Empirical Demonstration: Desirability Trajectories of Three Exemplary Items. (A) Only Linear Trend Significant at α = .001; (B) Linear and Quadratic Trend Significant at α = .001; and (C) Only Quadratic Trend Significant at α = .001.
Results of the Empirical Demonstration
Like in the simulation, we used R for data preparation, model estimation, and subsequent analyses, in particular the mirt package to specify and estimate the respective IRT models with the MH-RM algorithm. We imposed the same identification constraints as described above, and specified scoring weights as in Equation 2. For scoring weights of the faking dimension, we used the mean desirability ratings from the pilot study, which we linearly transformed to a range from 0 to 1 to achieve a comparable scoring weight metric of response bias dimensions. We fitted the same four models as in the simulation, both with equality-constrained item slopes within dimensions and with unconstrained item slopes. Figure 3 depicts a graphical illustration of the full model. For all analyses, we set a significance level of α = .001.
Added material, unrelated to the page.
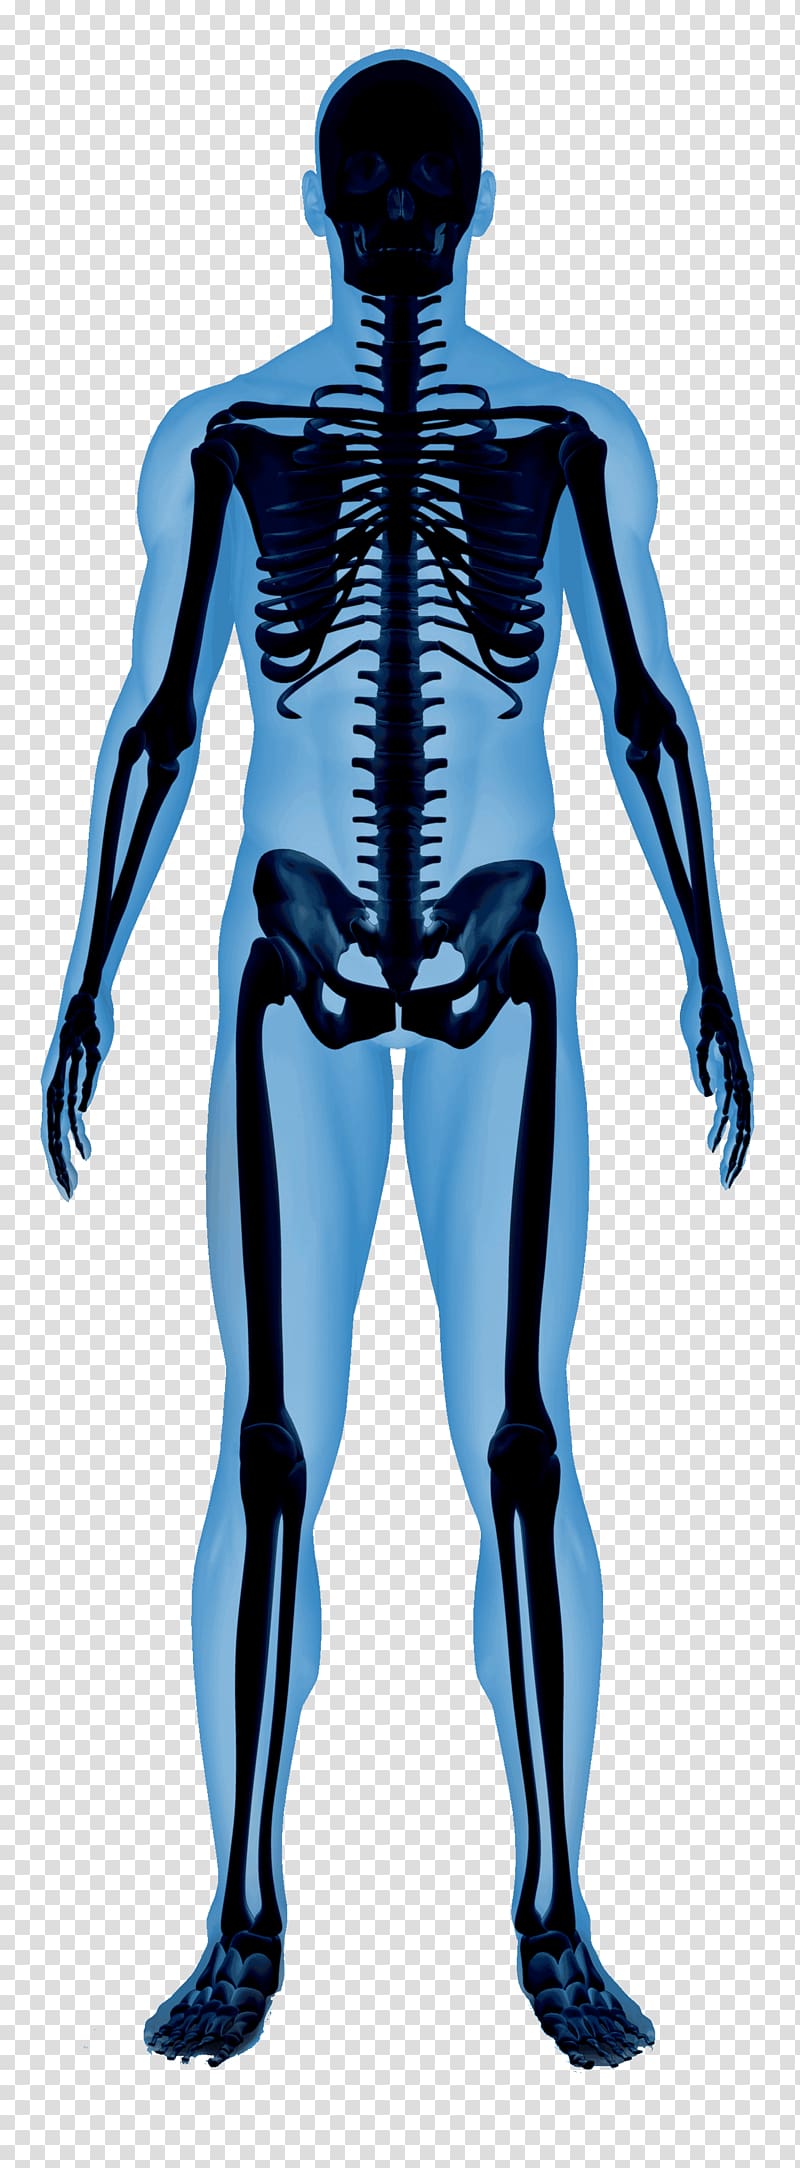 Human skeleton Essential of Human Anatomy and Physiology Human body, Skeleton transparent background PNG clipart

Dimensional Structure of the Full Model in the Empirical Demonstration.
Model Fit (Research Question 1)
All models converged within less than 339 MH-RM iterations. Table 3 provides an overview of estimated parameters and model fit. Irrespective of constraining slopes within dimensions, the stepwise addition of ERS and MRS to the Big Five consistently led to a significantly increased model fit according to the LR test. Crucially, the addition of faking increased model fit further. The same conclusions could be drawn when considering AIC and BIC as well as absolute fit indices such as the root mean square error of approximation (RMSEA; Maydeu-Olivares & Joe, 2014) and the Tucker-Lewis index (Cai & Monroe, 2013). Comparisons of models with equality-constrained versus unconstrained slopes indicated that setting slopes free significantly increased fit for all models, χ2s > 3,326.9, ps < .001. Correspondingly, the full model with unconstrained slopes was used for further analyses. The mean item slope of faking in this model was
Empirical Demonstration: Overview of Estimated Parameters and Model Fit Measures.
Note. Models were fitted to responses from N = 3,046 test-takers on I = 48 items with K+1 = seven response categories. Expectations and variances of latent dimensions were fixed to 0 and 1, respectively, in all models. Scoring weights were specified a priori. C2 = limited information fit statistic C2 (Cai & Monroe, 2014); RMSEA = root mean square error of approximation; TLI = Tucker-Lewis index; AIC = Akaike information criterion; BIC = Bayesian information criterion; LR test = likelihood-ratio test (here: hierarchical comparison of nested models); B5 = Big Five; ERS = extreme response style; MRS = midscale response style. The best fitting model is printed in bold.
Validation of the Faking Modeling Approach (Research Question 2)
Latent Correlations
To validate the faking modeling approach, we first examined latent correlations between substantive traits (see Table 4). In the model including only the Big Five, estimated latent correlations were very high. When accounting for ERS and MRS, latent correlations decreased slightly but were still higher than typical low-stakes findings on Big Five intercorrelations. Once faking was added to the model, however, latent correlations reduced to more plausible levels.
Empirical Demonstration: Estimated Latent Correlations.
Note. N = 3,046. All standard errors of latent correlations across models were smaller than 0.05. Slopes were unconstrained. B5 = Big Five; E = Extraversion; ES = Emotional Stability; A = Agreeableness; C = Conscientiousness; O = Openness; ERS = extreme response style; MRS = midscale response style.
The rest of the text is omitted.